Rio 2016: in the pool and on the pitch. Day three of the 2016 Olympics features the men’s 200-m freestyle swim finals (with Michael Phelps making his comeback), the women’s 100-m back- and breaststroke finals, and the return of rugby to the games. To keep up with the action, subscribe to our Olympics calendar and check out our viewing guide.

Over the weekend

“The Punisher” launched an anti-corruption purge in the Philippines. President Rodrigo Duterte accused 159 officials, including judges and members of parliament, of drug-related corruption, giving them 24 hours to surrender to his forces. Duterte has vowed to end corruption, but extra-judicial killings have raised fears of his authoritarian bent.

Russia was banned from participating in the Rio 2016 Paralympic Games. The International Paralympic Committee said none of Russia’s Paralympic athletes would be allowed to compete in the September games because of a doping scandal that led some, but not all, of Russia’s Olympic team to be excluded from the Olympic games.

Iran said it executed a nuclear spy. An Iranian nuclear scientist at the center of a murky spy tale was killed for giving “vital information about the country to the enemy,” five years after he renounced his defection to the US and returned to his homeland.

Thai voters approved a new constitution. Some 61% of voters approved a constitution written by the military junta that took power in a 2014 coup led by retired army general Prayuth Chan-ocha. Authorities took steps to prevent political discourse ahead of the vote, which lays the groundwork for a civilian government in 2017—but on the military’s terms.

A hacked cryptocurrency exchange gave customers a haircut. After Hong Kong-based Bitfinex had $72 million stolen last week, its operators said losses would be shared, with every customer seeing a 36% reduction in their accounts. They will also receive a credit for equity in the Bitfinex’s parent company.

Quartz obsession interlude

Elizabeth MacBride on the deceptively simple case for giving refugees cash, not camps. “Most aid comes from a fractious combination of governmental agencies and NGOs and is doled out in the form of vouchers and in-kind donations—think blankets, kerosene heaters, and bags of rice… this kind of aid does little to help build new lives. And that’s where cash comes in.” Read more here.

Matters of debate

The US has the world’s best cyber army. Russia isn’t the only country digitally interfering in foreign elections.

Intel is to blame for Apple’s stagnant laptops. The lack of new Apple laptops on the market isn’t because of lazy designers—it’s because chipmakers haven’t come up with anything worth building a new computer around.

Uber should go public as soon as it can. After selling its Chinese operations to Didi, Uber needs to IPO before slow growth disappoints investors (paywall).

Surprising discoveries

More than a million dancing robots broke a world record in China.
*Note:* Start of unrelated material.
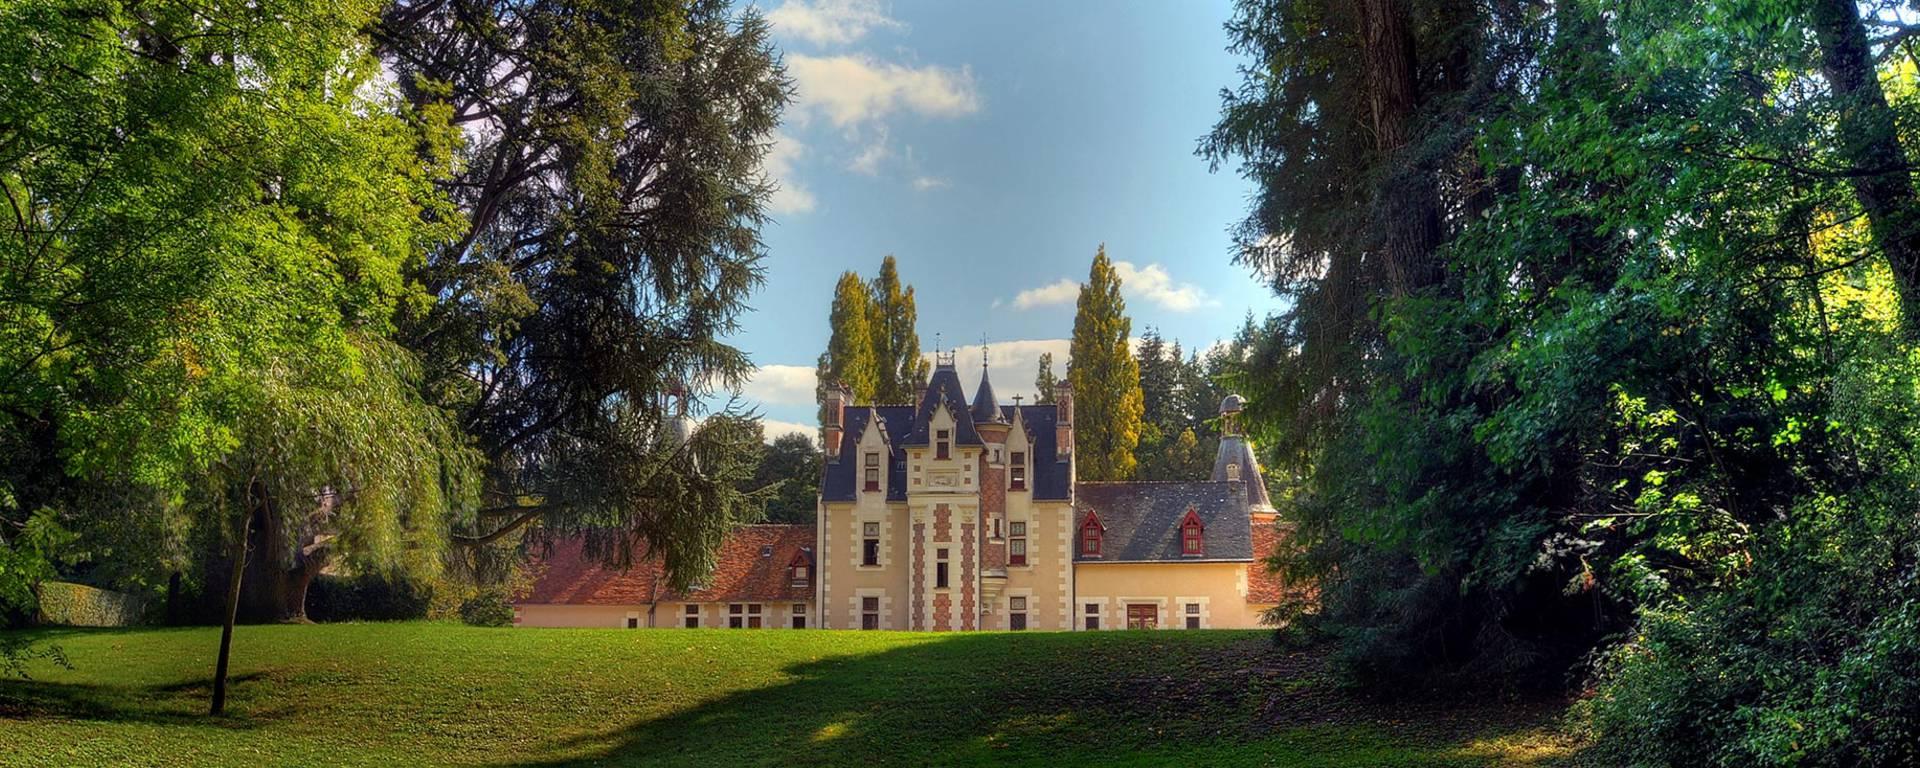 El parque del castillo de Troussay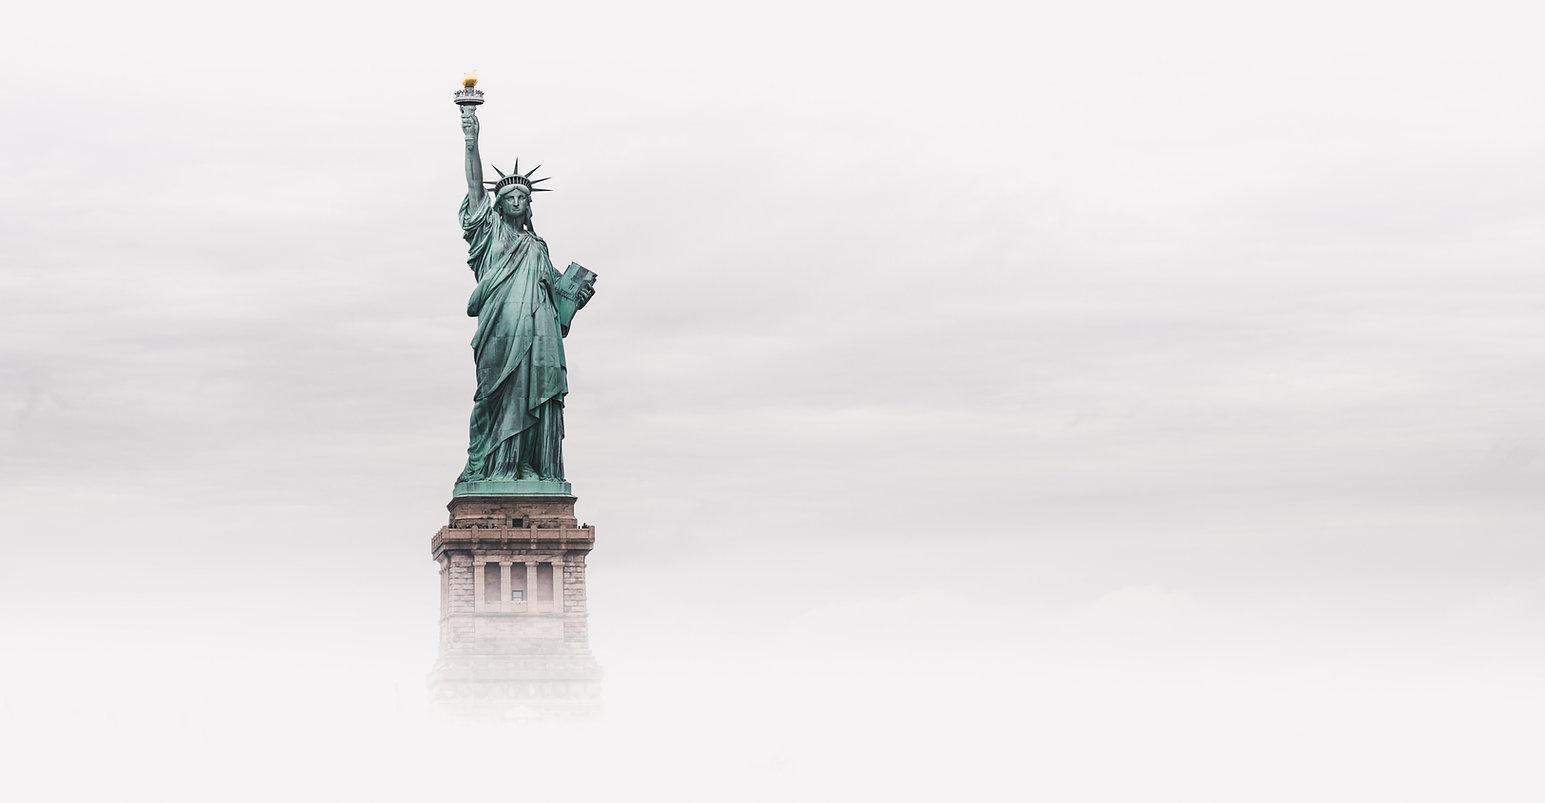 Statuja-Svobody-free-1.jpg

They shook their stuff at the Qingdao Beer Festival in Shandong, setting a new record for the most robots dancing simultaneously.

Engineers use “Bond villain” tools to dismantle oil rigs in the North Sea. The task requires robot submarines, diamond saws, and underwater lasers.

The next big thing in the space business is actually quite small. The successful flight of 12-ft-long prototype rocket signals a new wave of space entrepreneurs.

The monitor you’re reading this on could be hacked.  For the latest in digital anxiety, researchers say hackers can take over computer monitors to steal information—or manipulate what you’re reading.

The Oregon State Fair will include a display of award-winning marijuana plants. But only ones without flowers will be allowed, and only fairgoers over the age of 21 can see them.